By focusing on the success stories of a select few, the true extent of racial inequality is obscured behind the glamour and glitz of celebrity lifestyles. This creates an illusion that corrective justice and addressing disparate opportunities are no longer necessary, hindering progress in DEI efforts.

Pillar #3: The Tying Together of Immigration and Opposition to DEI Initiatives:

The intertwining of immigration with DEI has provided ammunition for those looking to undermine how many DEI initiatives that include people who recently arrived in the United States from other counties, leading to a growing public opinion narrative against DEI and even incentivizing lawmakers to advance policies aimed at dismantling it. 

The 2016 presidential election saw Donald Trump successfully harness a forceful and aggressive anti-immigration fervor to propel him into the White House.

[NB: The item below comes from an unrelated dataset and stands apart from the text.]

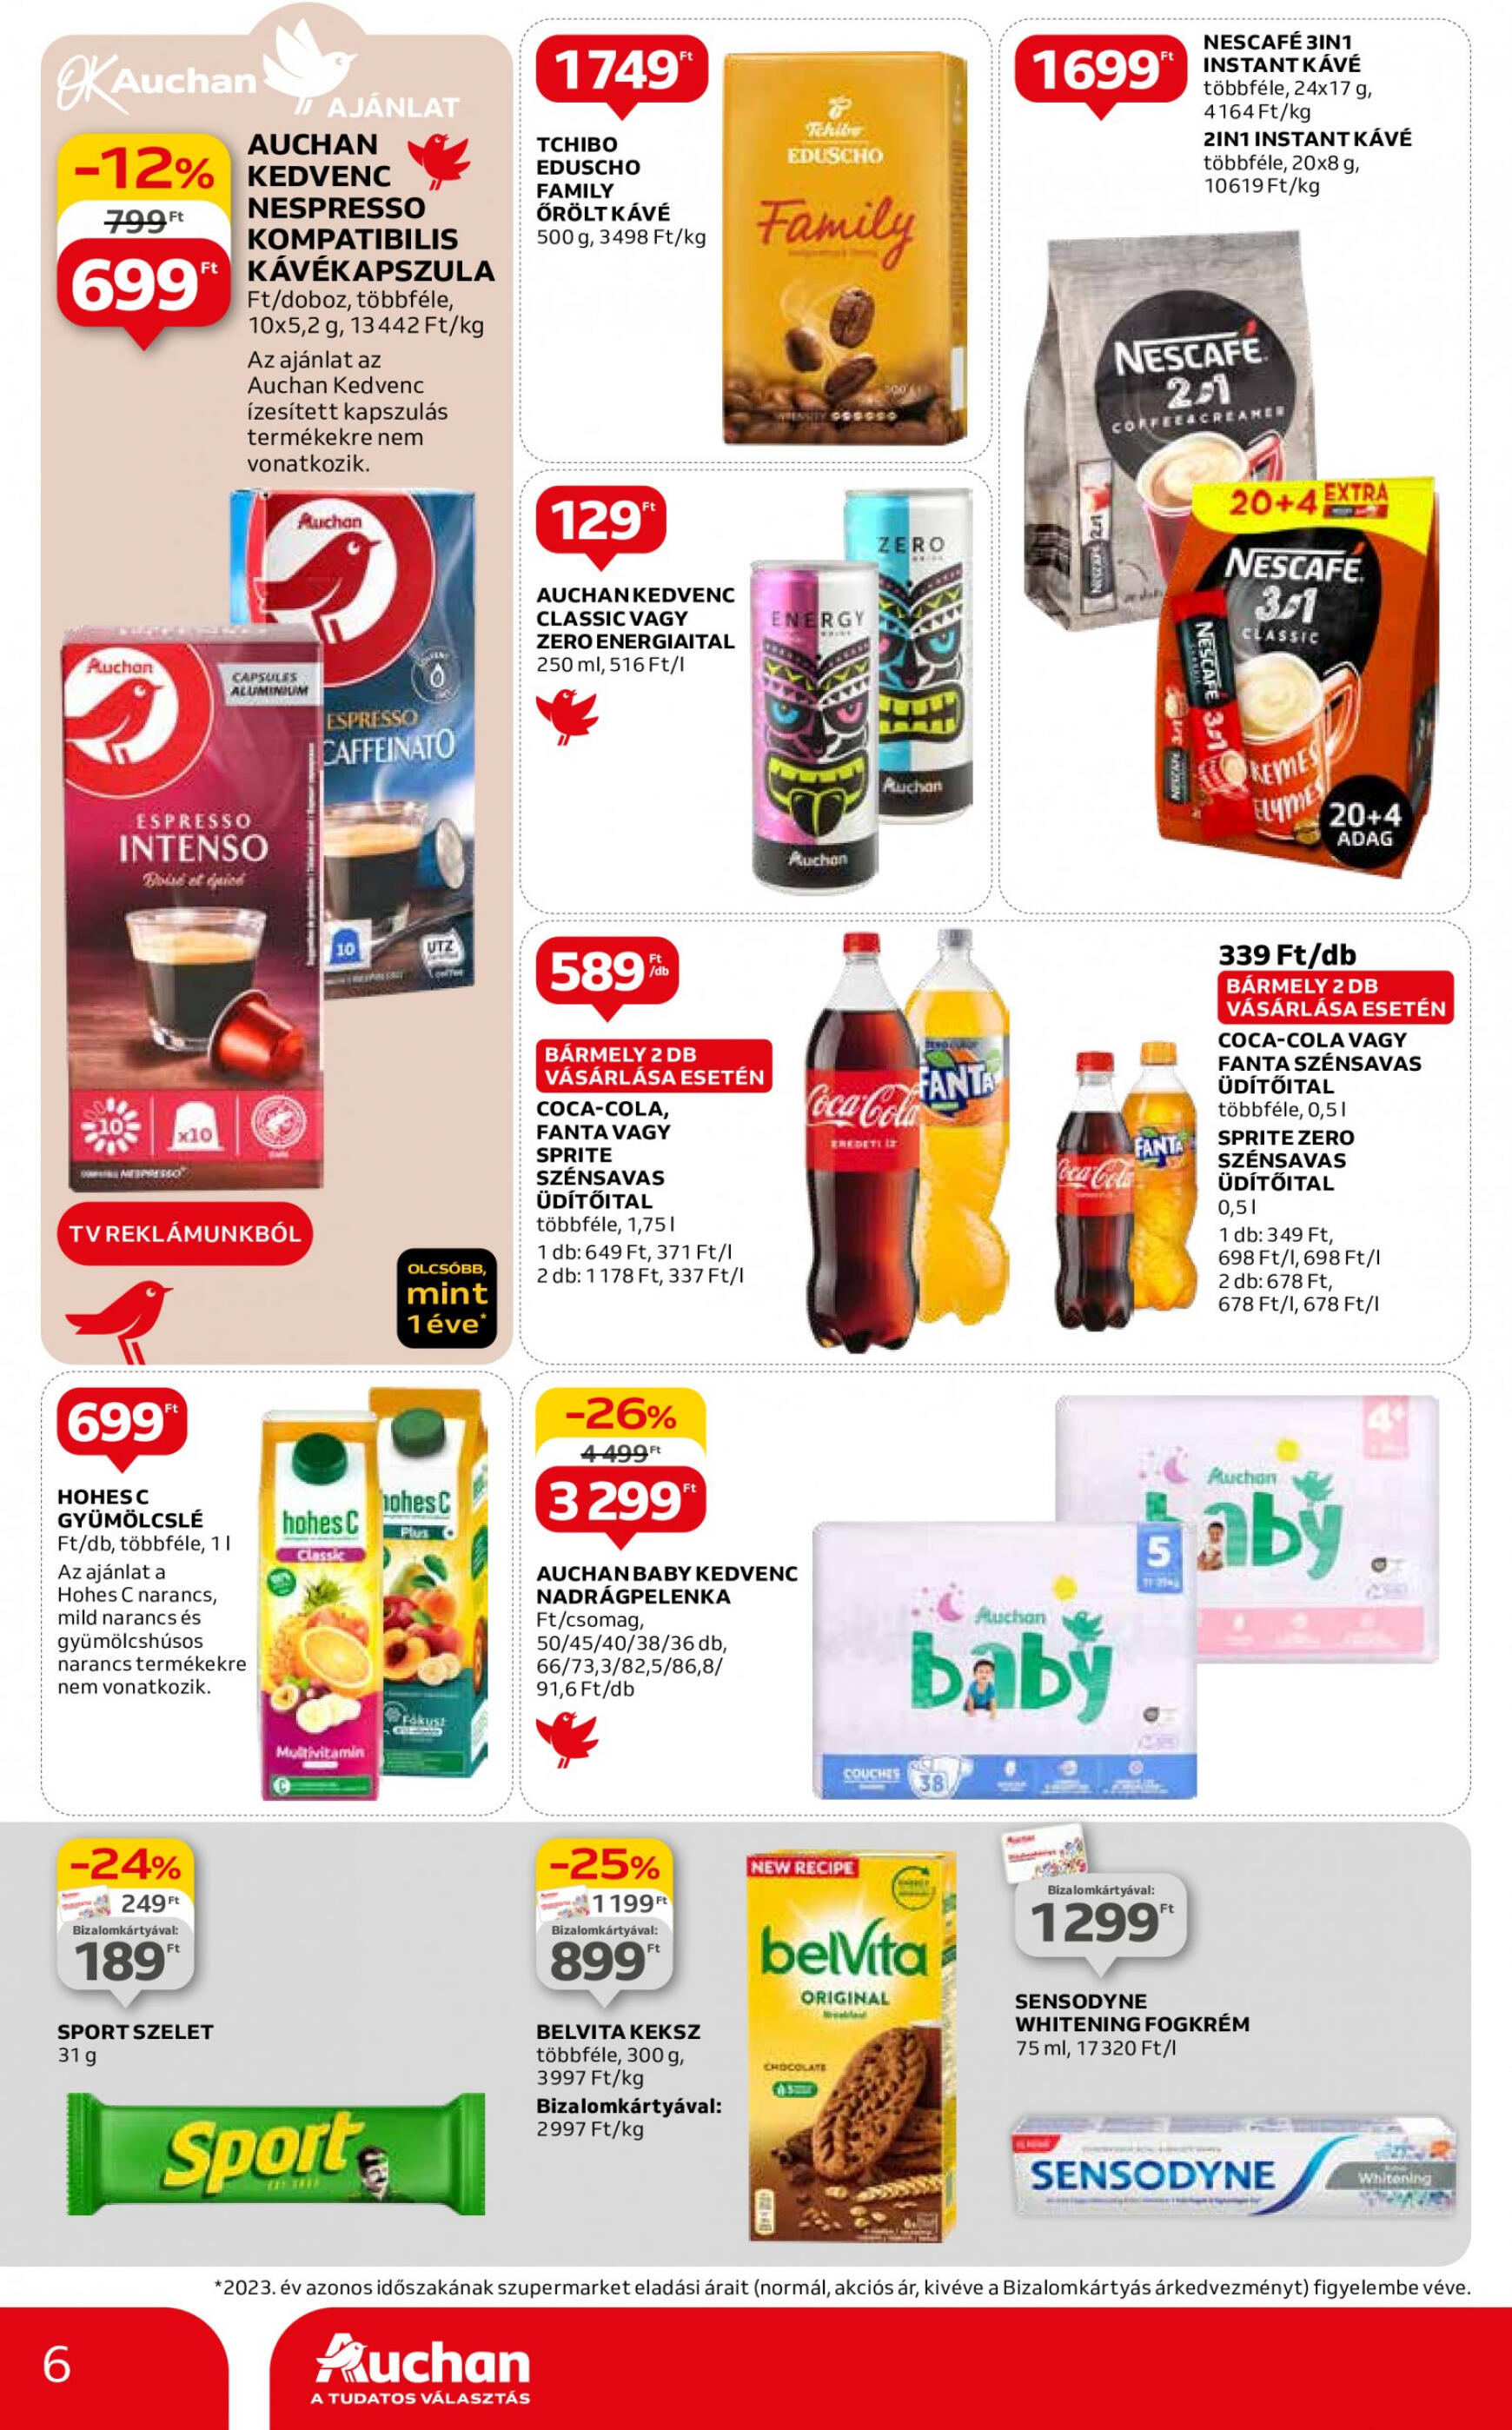 auchan - Aktuális újság Auchan szupermarket 04.18. - 04.24. - page: 6

This same tone and tenor have proven politically potent in the current 2024 Presidential election race. Consequently, associating opposition to DEI with being against an open borders type of immigration policy can wield considerable political influence among certain constituencies.

Another critique related to immigration is centered around the influx of individuals on H1-B visas, who are then classified as “minorities” to fulfill diversity metrics. This critique argues that this use of “DEI” takes away opportunities for American citizens more broadly and, more specifically, other native-born people of color who have historically experienced legalized oppression and marginalization in America.

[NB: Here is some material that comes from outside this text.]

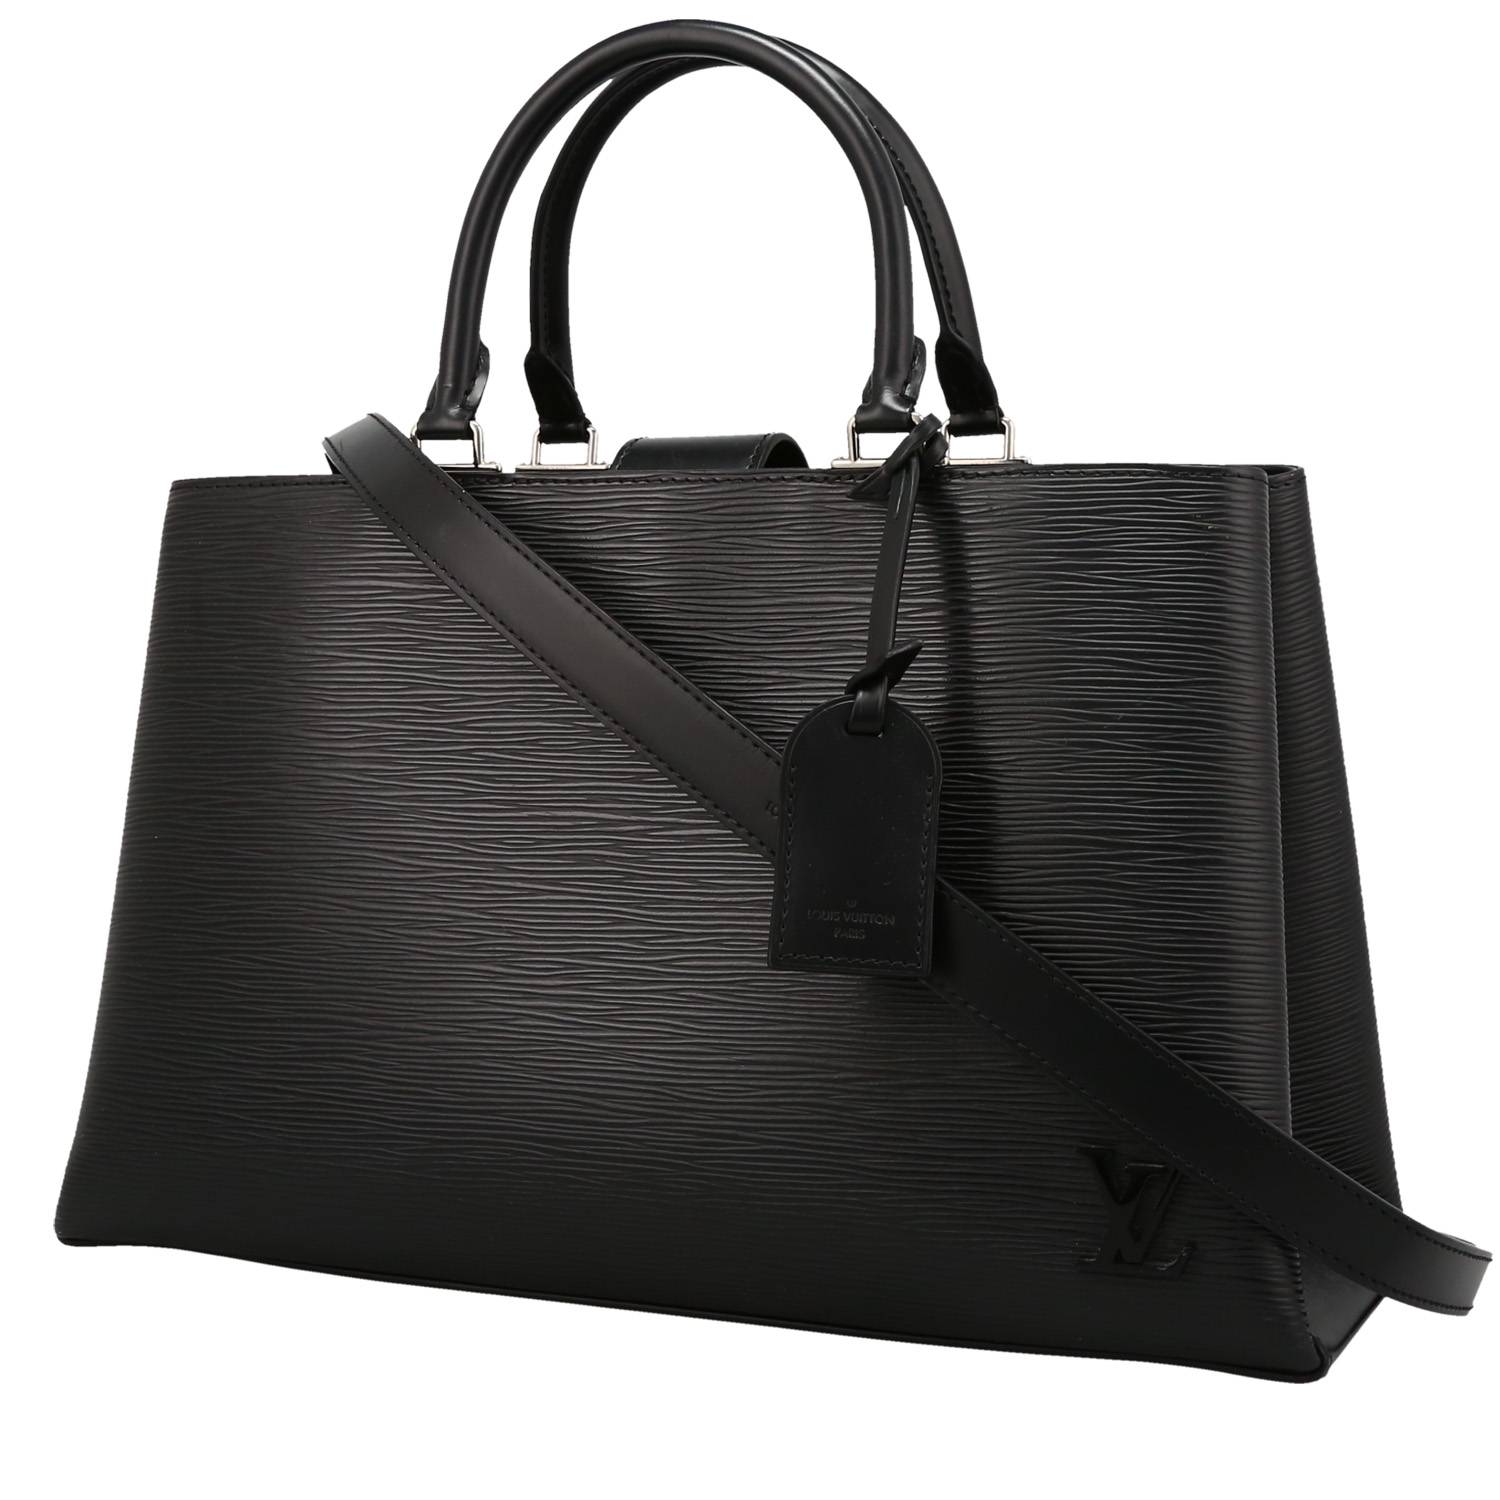 Louis Vuitton Kleber Handbag

The blending of immigration concerns with opposition to DEI initiatives has cultivated a narrative that undermines the goals of diversity, equity, and inclusion. It is crucial to recognize and address these concerns while advocating for the importance of DEI initiatives. By disentangling the immigration discourse from the conversation around diversity, equity, and inclusion, we can foster a more nuanced understanding of the benefits that diverse perspectives and backgrounds bring to our society as a whole.

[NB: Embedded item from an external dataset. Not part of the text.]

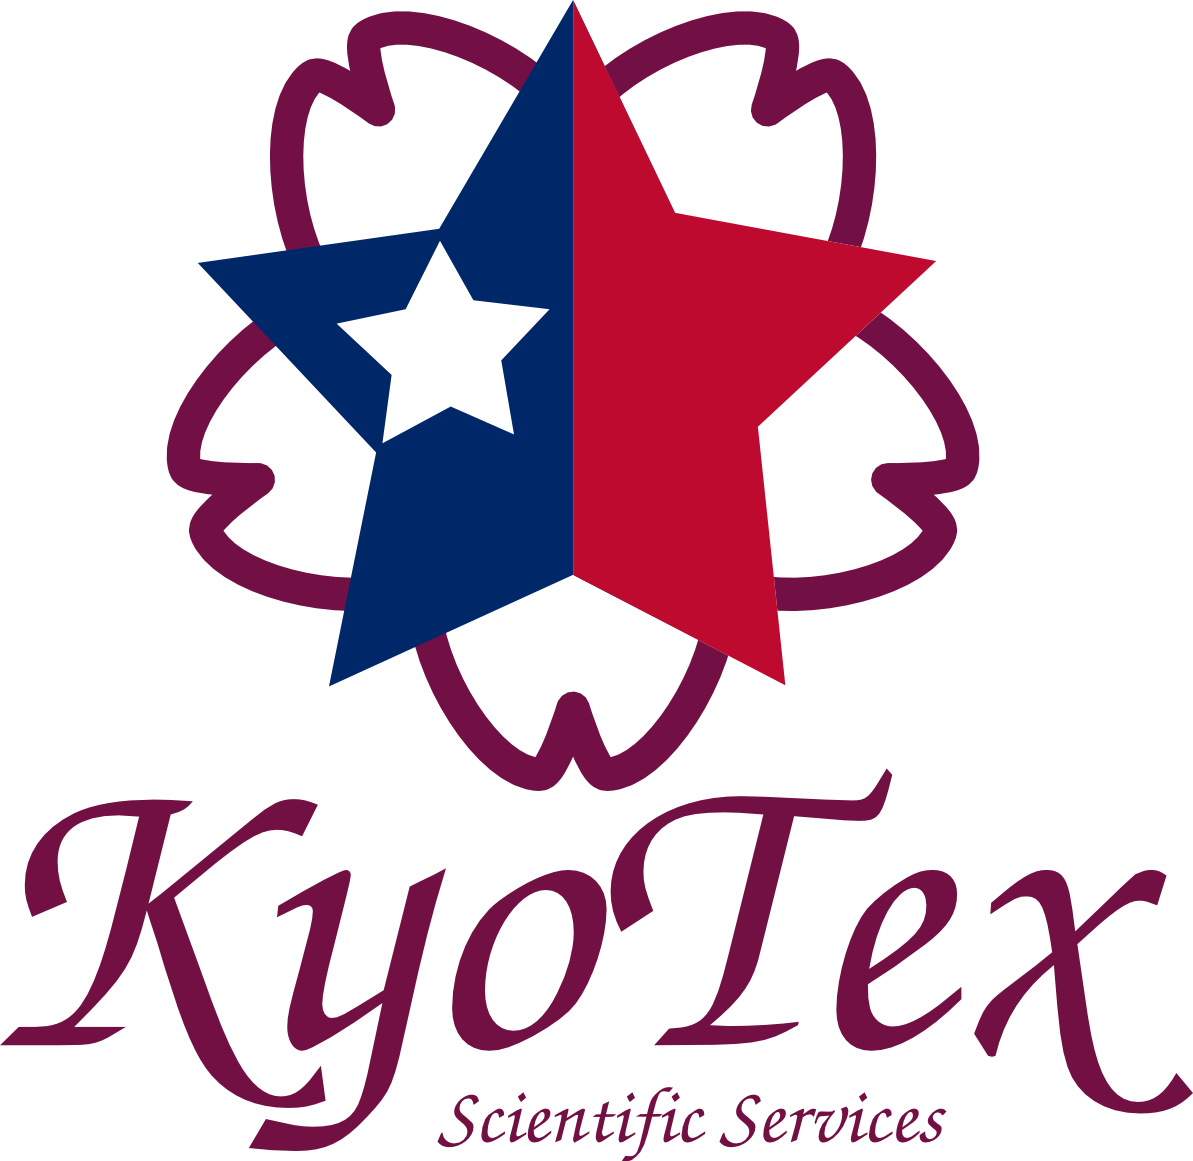 KyoTex Co. Ltd.

It is crucial to recognize the wider implications of the dismantling of DEI initiatives at Florida public colleges and universities. The advancement of efforts to dismantle DEI raises concerns not only about the ability of higher education institutions to promote inclusivity, but also threatens other industries as it pertains to having mechanisms with the capacity to address historical inequalities faced by marginalized groups.

To truly understand the impact of policies like these, we must acknowledge the deep-seated historical context of discrimination and its far-reaching consequences. The racial wealth gaps we see today are not just the result of individual choices or mere happenstance; they are the product of a complex web of factors. Federal Housing Administration policies, slavery, Jim Crow laws, employment discrimination, and the denial of access to capital, among other systemic injustices, have contributed to the enduring disparities that we currently see.

Imagine starting a 26-mile marathon with a 13-mile disadvantage and then having policies enacted that prevent any effort to address or even study how this head start was gained. History matters today because the advantages accumulated from generations of past discrimination continue to manifest as intergenerational transfers of wealth. 

These transfers subsidize college costs, enable car purchases, cover private school payments, support credit card bills, pay medical expenses, provide business start-up capital, facilitate homeownership, and fund other significant purchases. The vast disparity in wealth-building opportunities perpetuates economic inequality and limits the upward mobility of marginalized communities.

By understanding the pillars of resistance against DEI programs, we can effectively challenge the attacks on diversity, equity, and inclusion. It is crucial to recognize the deep-seated historical context of discrimination and its far-reaching consequences to work towards a more inclusive and just society for all. 

Dr. Marcus Bright is an author and social impact professional.